Basic and diluted earnings (loss) per ordinary share 2006 2005
Earnings (loss) from continuing operations 18.3p (50.4p)
_________ ________
3. Note to the statement of cashflows
Reconciliation of operating profit (loss) to net cash flows from operating
activities
2006 2005
£'000 £'000
Operating profit (loss) 26,456 (2,534)
Depreciation charges 741 2,010
Defined benefit cost less contribution paid (29,924) (1,016)
(Profit) loss on sale of tangible fixed assets (200) 5
Increase in assets held for resale - (34)
Provision utilised (1,650) -
Decrease in stocks 1,165 1,920
Decrease in debtors 3,142 3,537
Decrease in creditors (1,163) (1,584)
_________ ________
Net cash (outflow) inflow from operating activities (2,433) 2,304
_________ ________
4. Share capital
Ordinary New ordinary Preference Deferred Total
shares (25p) shares (1p) shares ordinary shares
£'000 £'000 £'000 £'000 £'000
At 1 January 2006 5,526 - 2,701 - 8,227
Conversion of ordinary shares to new ordinary shares (5,526) 221 - 5,305 -
Conversion of preference shares to ordinary shares - 147 (2,701) 2,554 -
Issue of new ordinary shares - 1,865 - - 1,865
Redemption of deferred ordinary shares - - - (7,859) (7,859)
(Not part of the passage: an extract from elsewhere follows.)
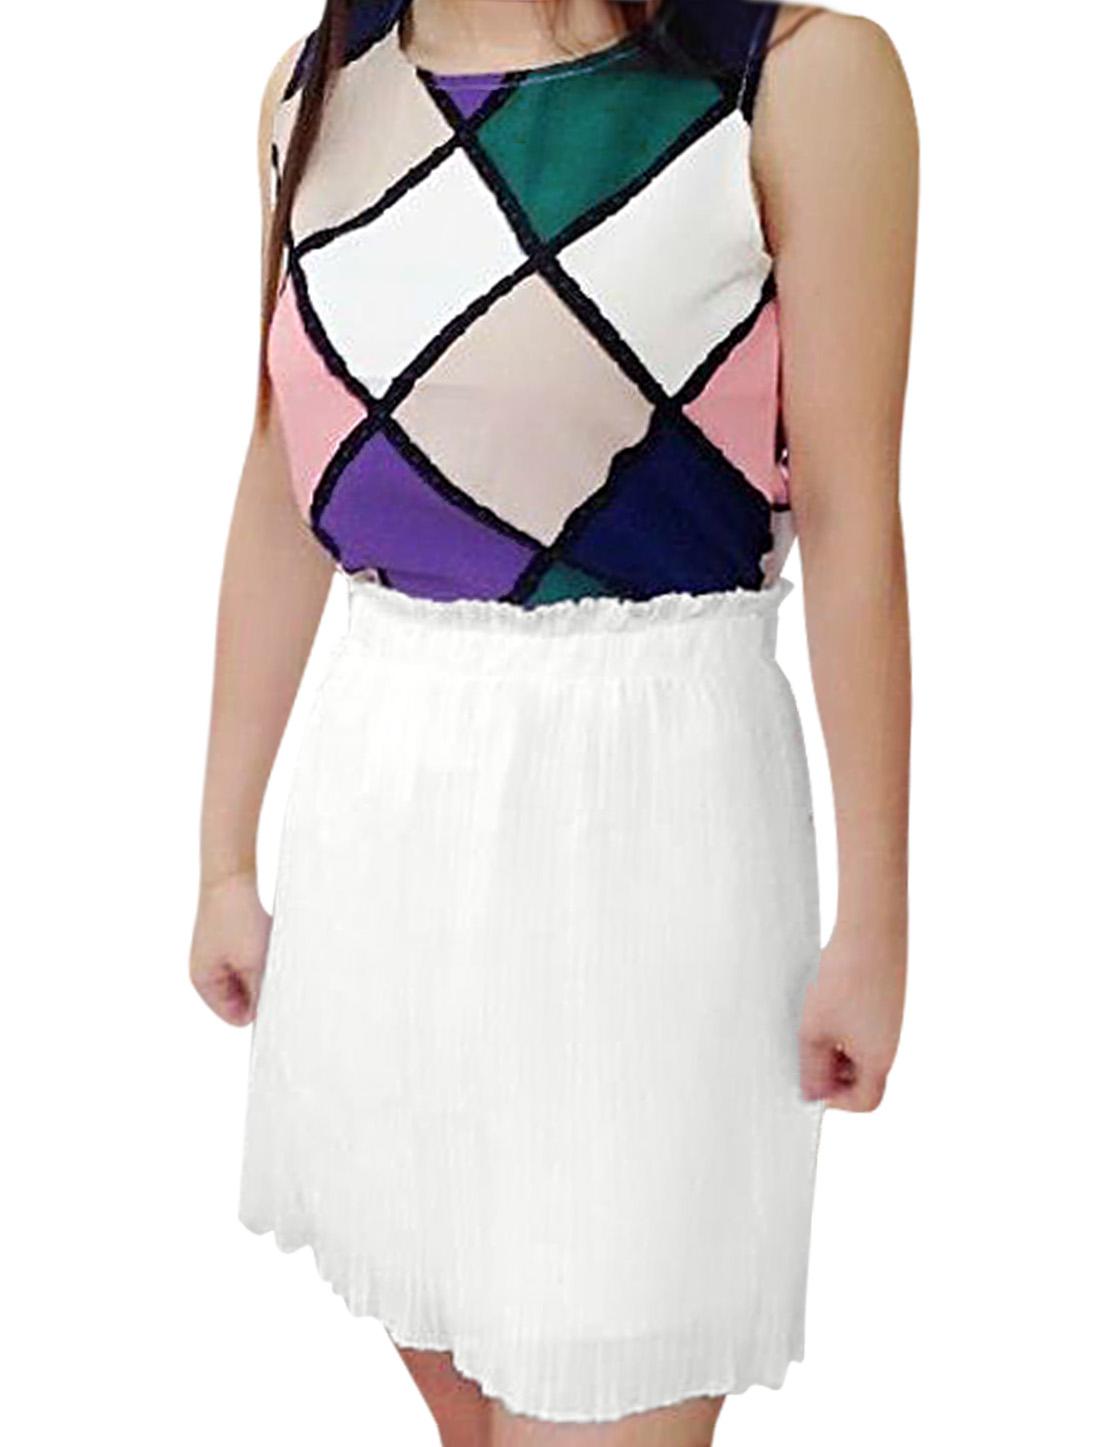 Lady Elastic Waist Pleated White Skirt w Argyle Prints Sleeveless Pink Top XS

___________________________________________________________
At 31 December 2006 - 2,233 - - 2,233
___________________________________________________________
Full details of the capital reorganisation set out above are given in Note 30 of
the 2005 Annual Report and Accounts.
5. Copies of the 2006 Annual Report and Accounts will be posted to shareholders
in April. Further copies may be obtained by contacting the Company Secretary at
Pittards plc, Sherborne Road, Yeovil, Somerset, BA21 5BA. The annual general
meeting is to be held at the registered office on 2 May 2007.